The new legislation has significant implications for resource sector EA holders. Impacted entities should consider the potential impacts on their mining operations and cash flow caused by the FP Act. Relevant steps should be taken by entities to prepare for the transition to PRCPs, the new FA framework and position themselves to comply with all new environmental obligations.
On 14 November 2018, the Queensland Parliament passed the Mineral and Energy Resources (Financial Provisioning) Act 2018 (Qld) (FP Act) which aims to reform Queensland’s financial assurance (FA) and rehabilitation framework in the resources sector. The changes introduced by the FP Act represent the most significant change to these frameworks in two decades. A number of amendments were made to the FP Bill prior to being passed, including clarification regarding the retrospective nature of some provisions, correcting minor drafting errors and introducing public interest evaluations to the Environmental Impact Study (EIS) process.
Whether the FP Act commences before the end of 2018 remains uncertain.
Overview of the FP Act
Reforms for Queensland’s FA and rehabilitation framework have been under development once an independent review revealed that an increasingly small proportion of land disturbed by mining is being rehabilitated, resulting in an over-reliance on FA to remediate the environmental impacts of mining in Queensland. Throughout 2017, the Queensland Government released discussion papers before introducing the FP Bill on 25 October 2017 which subsequently lapsed due to the Queensland election. The FP Bill was re-introduced on 15 February 2018 and referred to the Economics and Governance Committee which recommended that the FP Bill be passed.
The FP Bill was discussed in detail in Herbert Smith Freehills’ November 2017 article.1
Broadly, the FP Act introduces a new compulsory financial provisioning scheme where eligible entities are required to make contributions to a ‘pooled scheme fund’ based on the estimated rehabilitation cost (ERC) and the risk category allocated to an environmental authority (EA) by the scheme manager. Resource sector EA holders will now also be required to develop Progressive Rehabilitation and Closure Plans (PRCP) for all new mines as part of the initial site-specific EA application process, with existing mines transitioning over the next three years.

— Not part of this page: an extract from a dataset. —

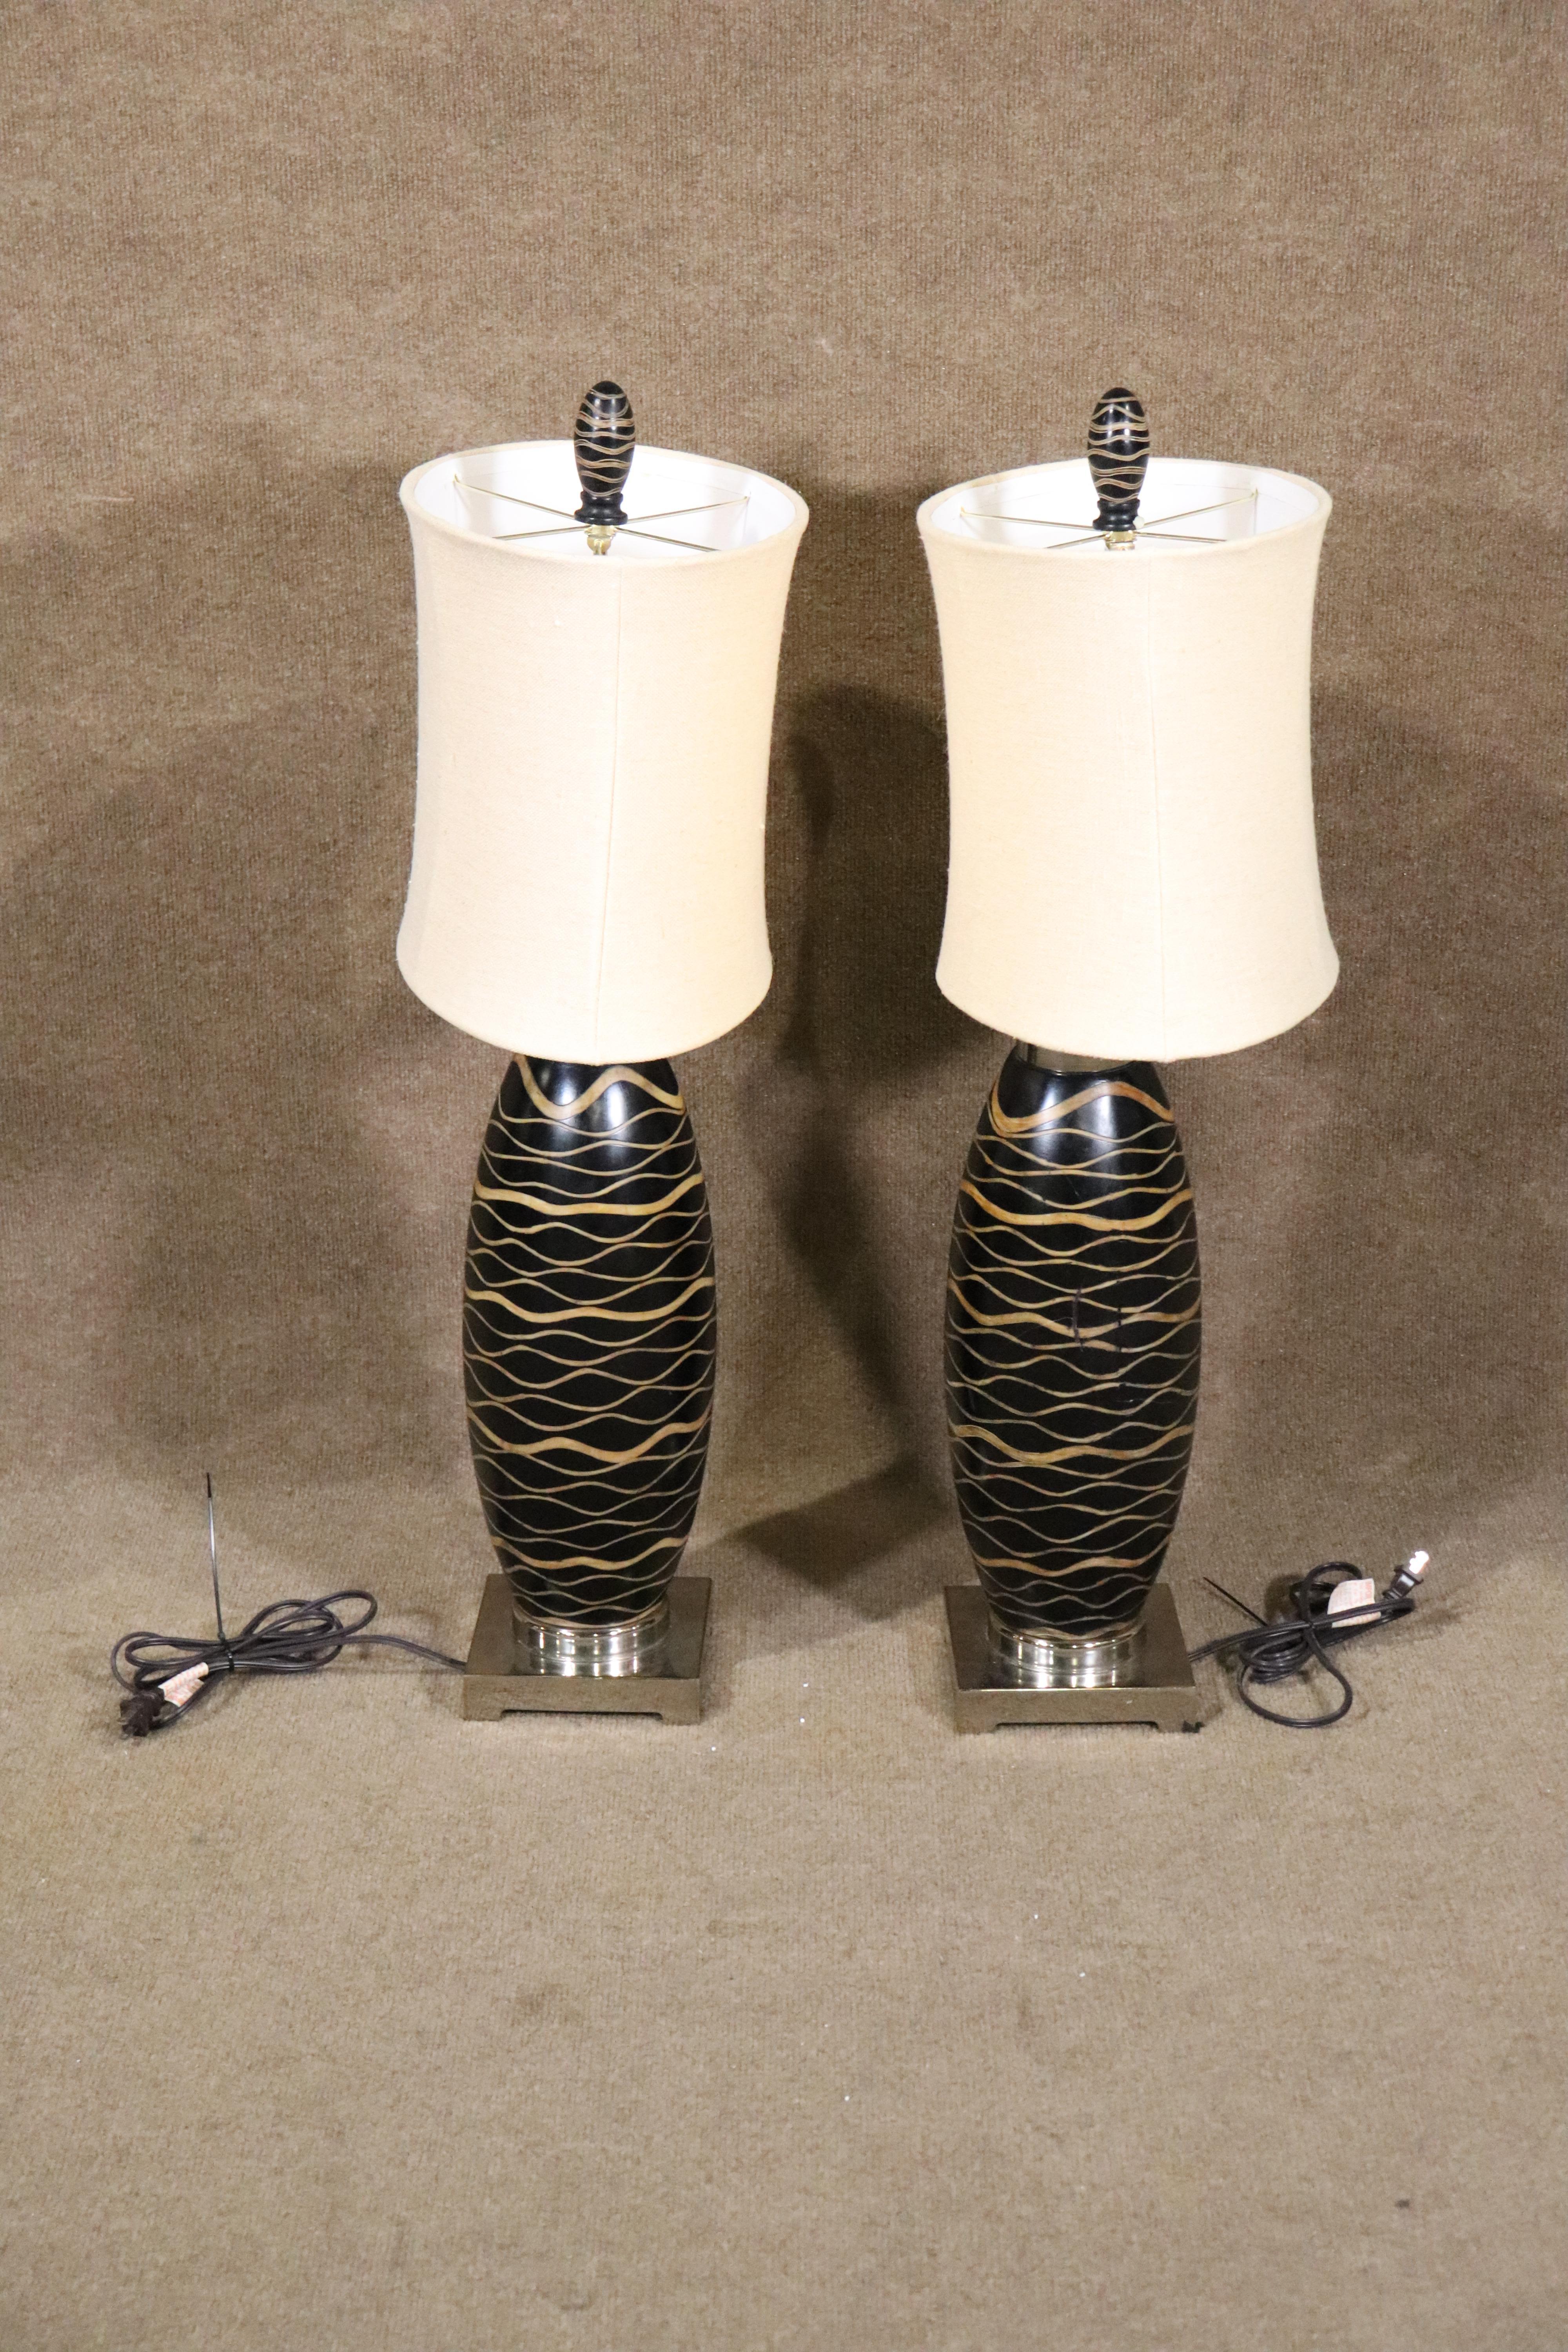 Paire de lampes de table de style déco avec abat-jour ovale. Motif en bois de tigre autour des deux lampes.
Veuillez confirmer la localisation de l'article à NY ou NJ.

Regulation, Guidelines and Supporting Documents
The Queensland Government developed and released supporting material for the FP Act throughout 2018. This included discussion papers outlining the potential policy framework for managing abandoned mines and other reforms in relation to care and maintenance procedures, regulating change in control of resource authority holders and disclaimer of projects by liquidators.2
Most relevant to project proponents and EA holders are the draft scheme manager guidelines which provide a more comprehensive explanation of the process and factors considered in determining, among other things, risk allocation and surety requirements for EA holders. The following guidelines have been released:
- Forming the Scheme Manager’s Opinion;3
- Assigning an Authority to a Relevant Holder;4
- Requiring Surety to Preserve the Financial Viability of the Scheme Fund;5 and
- Forms of Surety.6
A draft regulation for the FP Act was also released,7 providing further details about the operation of the ‘pooled scheme fund’ including the prescribed ERC contributions for the risk categories allocated to an EA holder by the scheme manager. Contributions to the fund are to be calculated annually at the following percentages of total ERC based on risk allocation:
- very low risk – 0.5%;
- low risk – 1.0%; and
- moderate risk – 2.75%.
EA holders allocated as high risk are obliged to provide surety for the total ERC.
Prior to the FP Bill passing, a number of amendments were made following further consultation with stakeholders. One of the major issues identified through the consultation process was potentially retrospective amendments to the conditions of EAs through PRCPs. This concern was addressed by amendments that exempt ‘land outcome document holders’ from being obliged to comply with some rehabilitation requirements. For example, if a condition of an EA authorises a void, the requirements of a PRCP cannot retrospectively require a different rehabilitation outcome.
The majority of amendments relate to the introduction of a public interest evaluation process for land identified as non-use management areas as part of the EIS process. Amendments include that the administering authority may only approve a proposed PRCP schedule if the public interest evaluation report recommends approval and the matters which must be considered in the public interest evaluation. A project proponent will be obliged to pay the reasonable costs of the administering authority in relation to qualified entities conducting the evaluation, but the administering authority chooses the appropriate entity to conduct the evaluation.
A final noteworthy amendment is the change to the definition of confidential information being expanded to include information about an allocation decision for an EA. This was changed on the basis that this information could be considered commercially sensitive.